For closeness `type="invsum"` is used since traditional closeness is defined as
$$
c_c(i)=\frac{1}{\sum_t dist(i,t)}.
$$
To obtain a slight variant of closeness, i.e.
$$
c_c(i)=\sum_t \frac{1}{dist(i,t)},
$$
the following code can be used:
```{r closeness_variant, eval=F}
#harmonic closeness
g %>% 
  indirect_relations(type="dist_sp",FUN=dist_inv) %>% 
  aggregate_positions(type="sum")
```

Indices based on shortest path distances constitute the biggest group of indices in the `netrankr` package.

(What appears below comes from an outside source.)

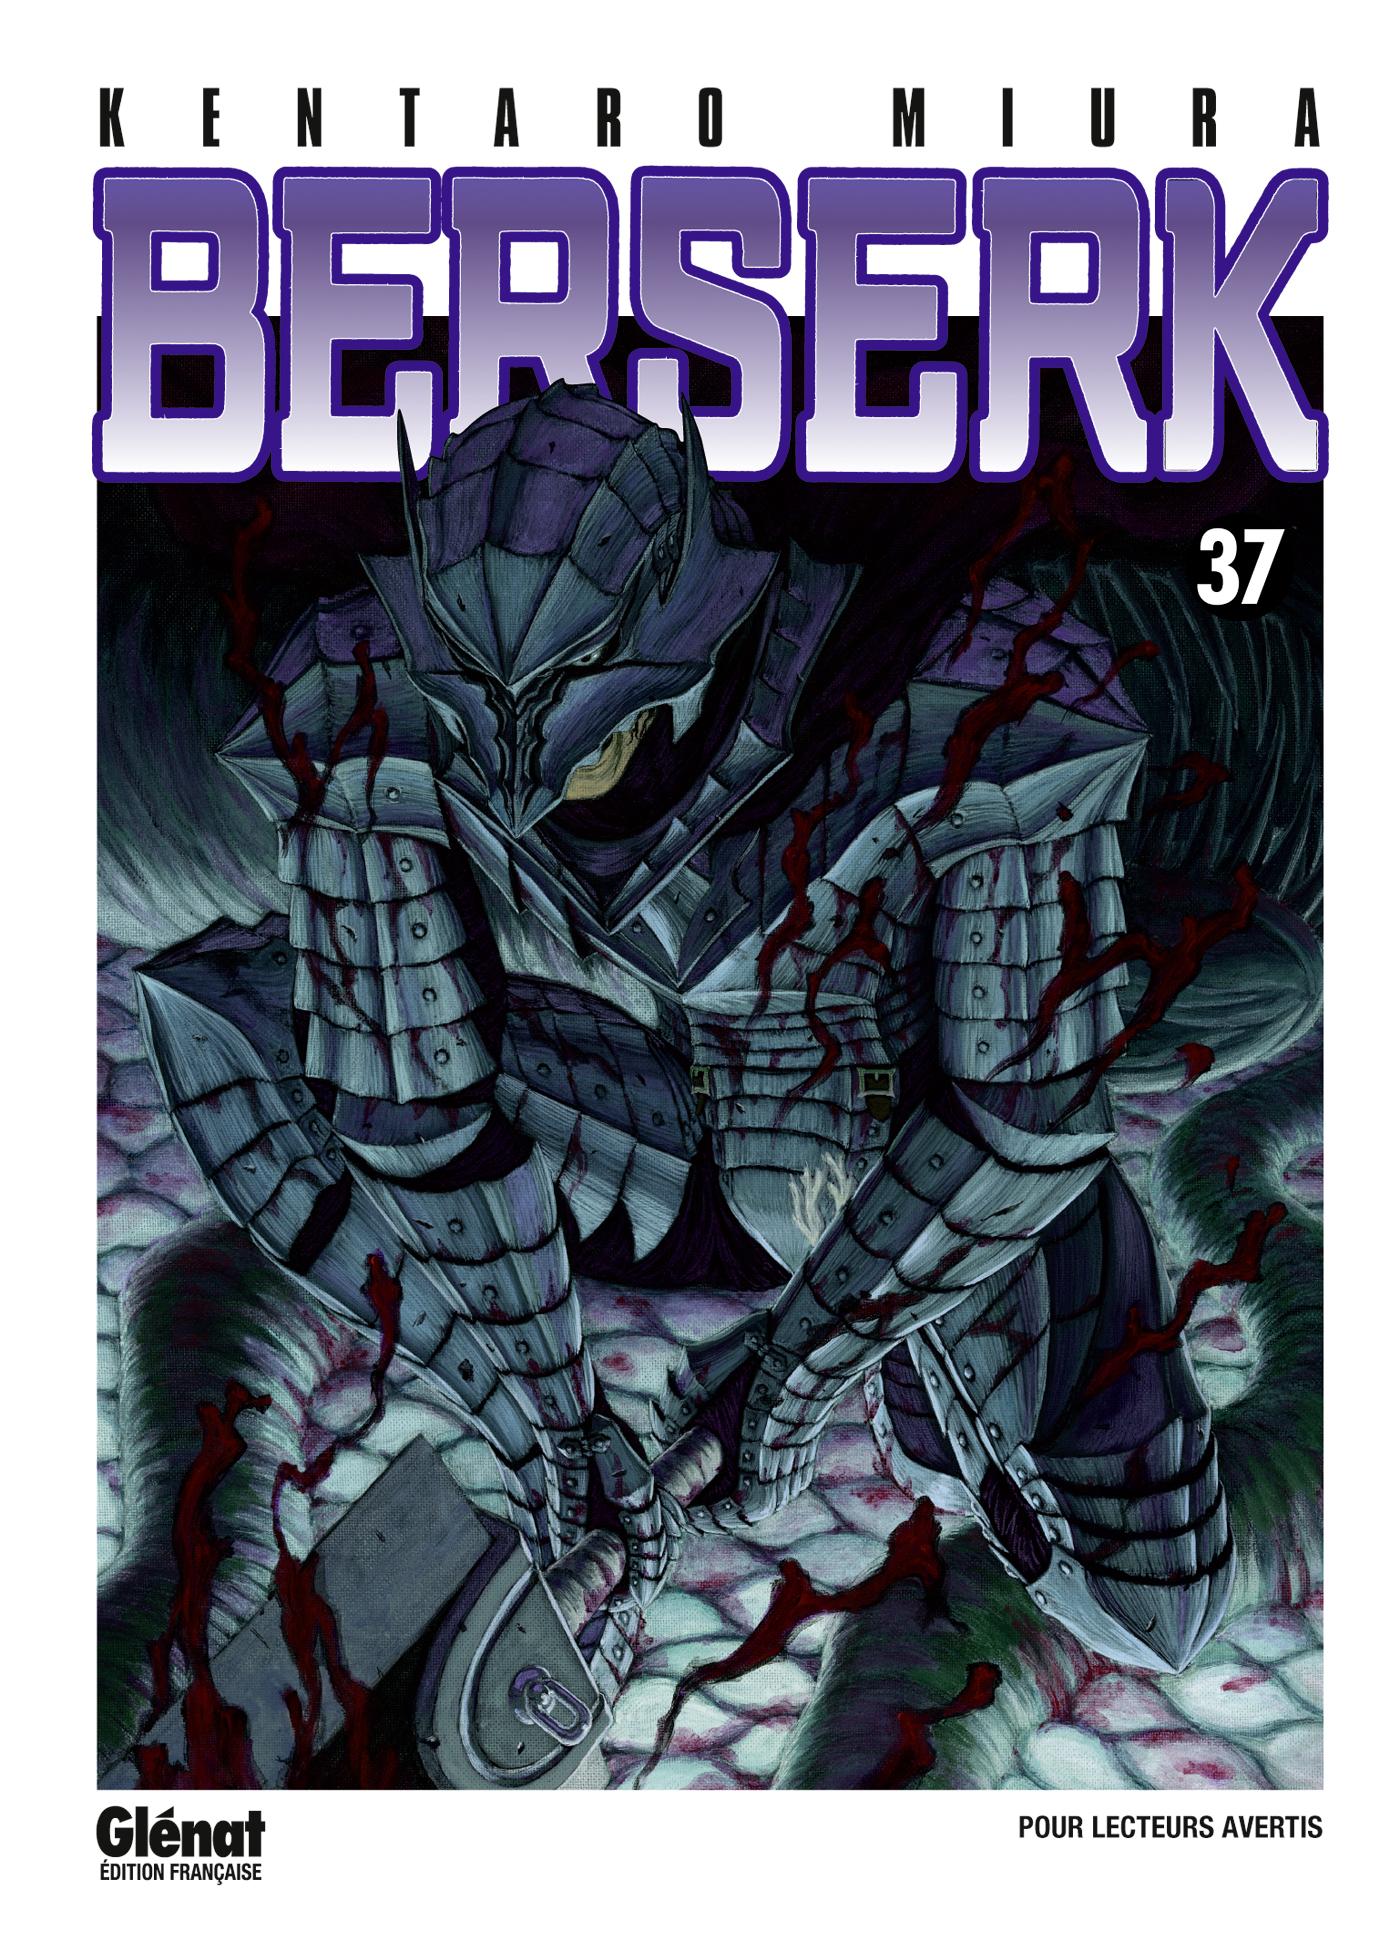 Une nouvelle pause de Berserk a été annoncée

```{r distance_indices,eval=F}
#residual closeness (Dangalchev,2006)
g %>% 
  indirect_relations(type="dist_sp",FUN=dist_2pow) %>% 
  aggregate_positions(type="sum")

#generalized closeness (Agneessens et al.,2017) (alpha>0)
g %>% 
  indirect_relations(type="dist_sp",FUN=dist_dpow,alpha=2) %>% 
  aggregate_positions(type="sum")

#decay centrality (Jackson, 2010) (alpha in [0,1])
g %>% 
  indirect_relations(type="dist_sp",FUN=dist_powd,alpha=0.7) %>% 
  aggregate_positions(type="sum")

#integration centrality (Valente & Foreman, 1998)
dist_integration <- function(x){
  x <- 1 - (x - 1)/max(x)
}
g %>% 
  indirect_relations(type="dist_sp",FUN=dist_integration) %>% 
  aggregate_positions(type="sum")

```

The package implements several additional distance measures for networks, for which
no index exists so far. Consult the help of `indirect_relations()` for possibilities.

Another large group of indices is based on walk counts.

```{r othercent,eval=F}
#subgraph centrality
g %>% 
  indirect_relations(type="walks",FUN=walks_exp) %>% 
  aggregate_positions(type="self")
#communicability centrality
g %>% 
  indirect_relations(type="walks",FUN=walks_exp) %>% 
  aggregate_positions(type="sum")
#odd subgraph centrality
g %>% 
  indirect_relations(type="walks",FUN=walks_exp_odd) %>% 
  aggregate_positions(type="self")
#even subgraph centrality
g %>% 
  indirect_relations(type="walks",FUN=walks_exp_even) %>% 
  aggregate_positions(type="self")
#katz status
g %>% 
  indirect_relations(type="walks",FUN=walks_attenuated) %>% 
  aggregate_positions(type="sum")
```


**Note**: The analytic pipeline can of course be wrapped into a function.

```{r index_func}
degree_centrality <- function(g){
  DC <- g %>% 
    indirect_relations(type="adjacency") %>% 
    aggregate_positions(type="sum")
  return(DC)
}
```

Additionally, the Rstudio addin `index_builder()` provides a convenient way to produce the code for any desired index.